## WORK REQUEST
Pictures aside, quote the whole listing exactly.
++++ EXERCISE DATA ++++
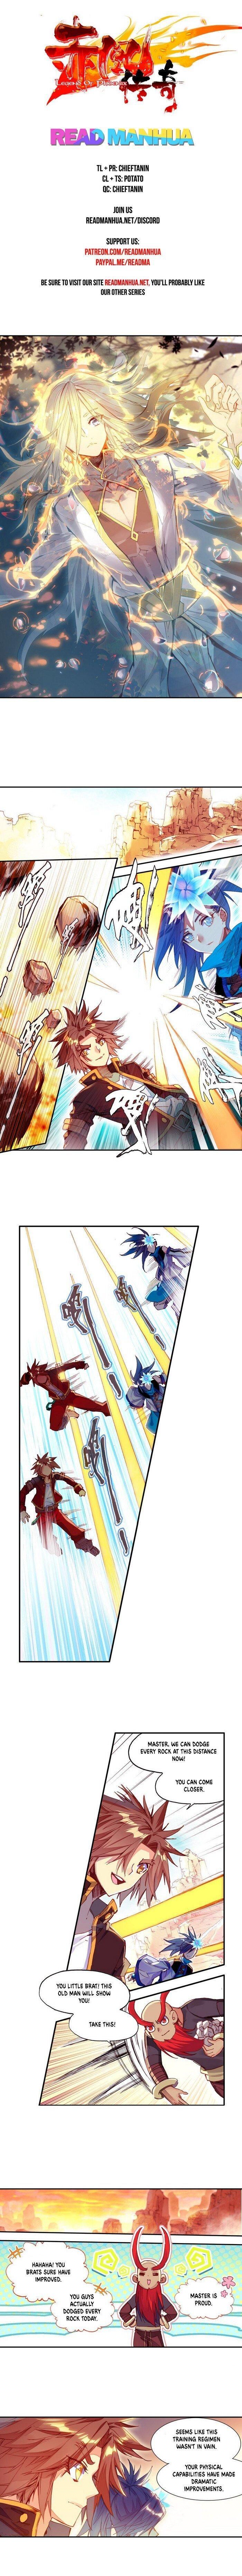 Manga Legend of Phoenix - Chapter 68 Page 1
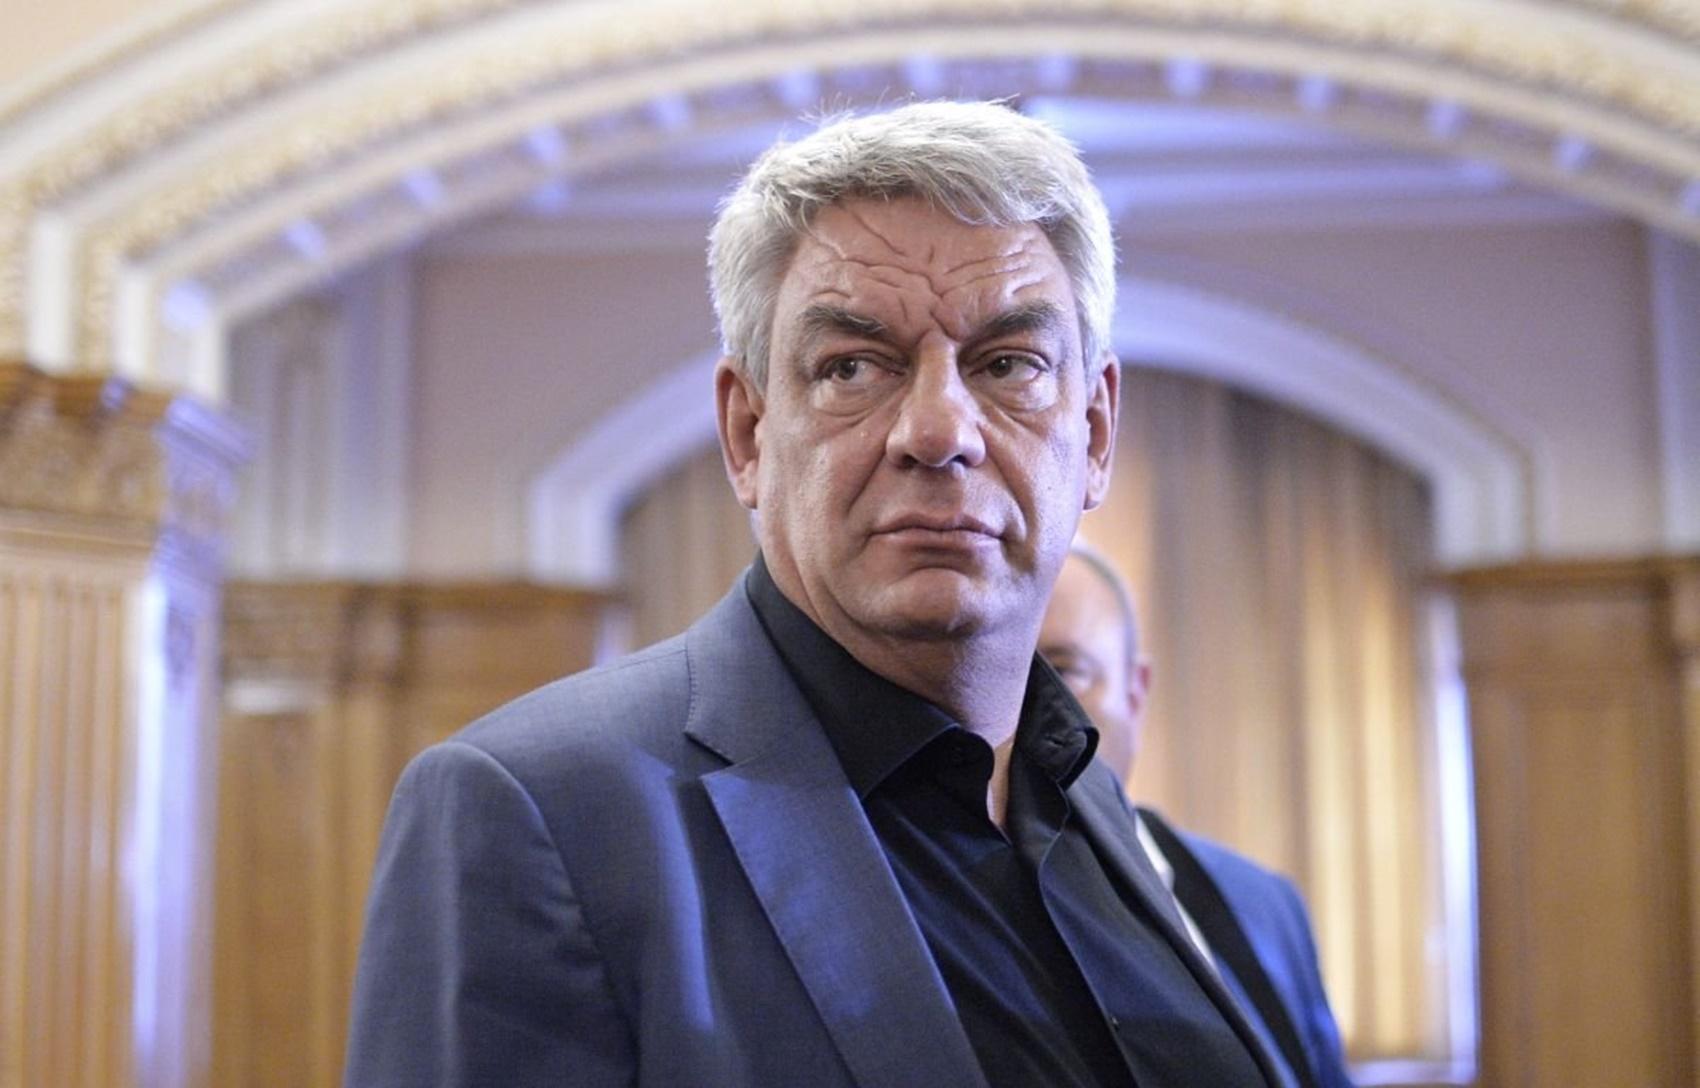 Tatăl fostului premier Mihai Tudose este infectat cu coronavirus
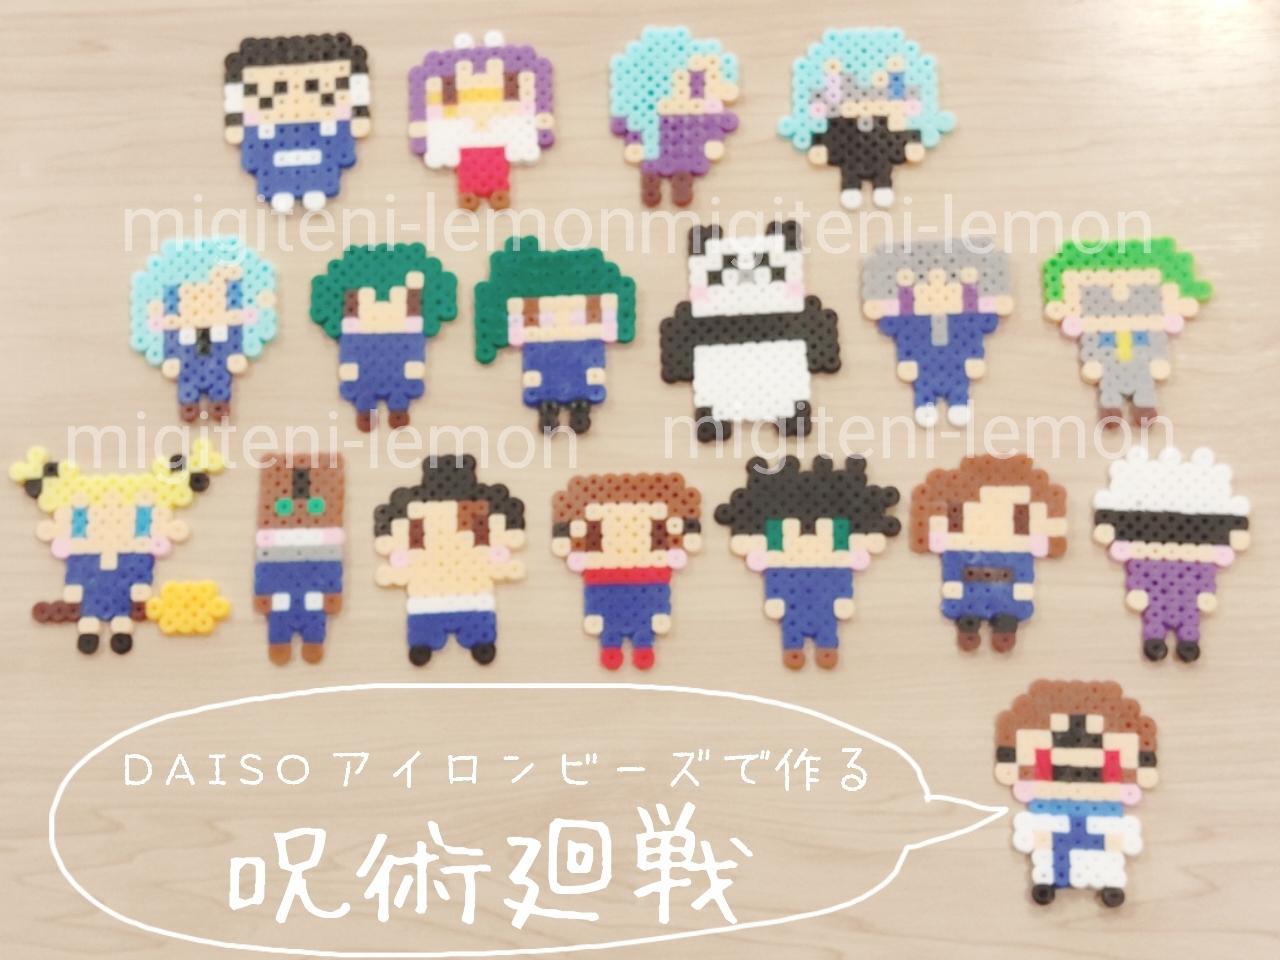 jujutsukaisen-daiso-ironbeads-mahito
++++
## YOUR RESPONSE
 Manga Legend of Phoenix - Chapter 68 Page 1
 Tatăl fostului premier Mihai Tudose este infectat cu coronavirus
 jujutsukaisen-daiso-ironbeads-mahito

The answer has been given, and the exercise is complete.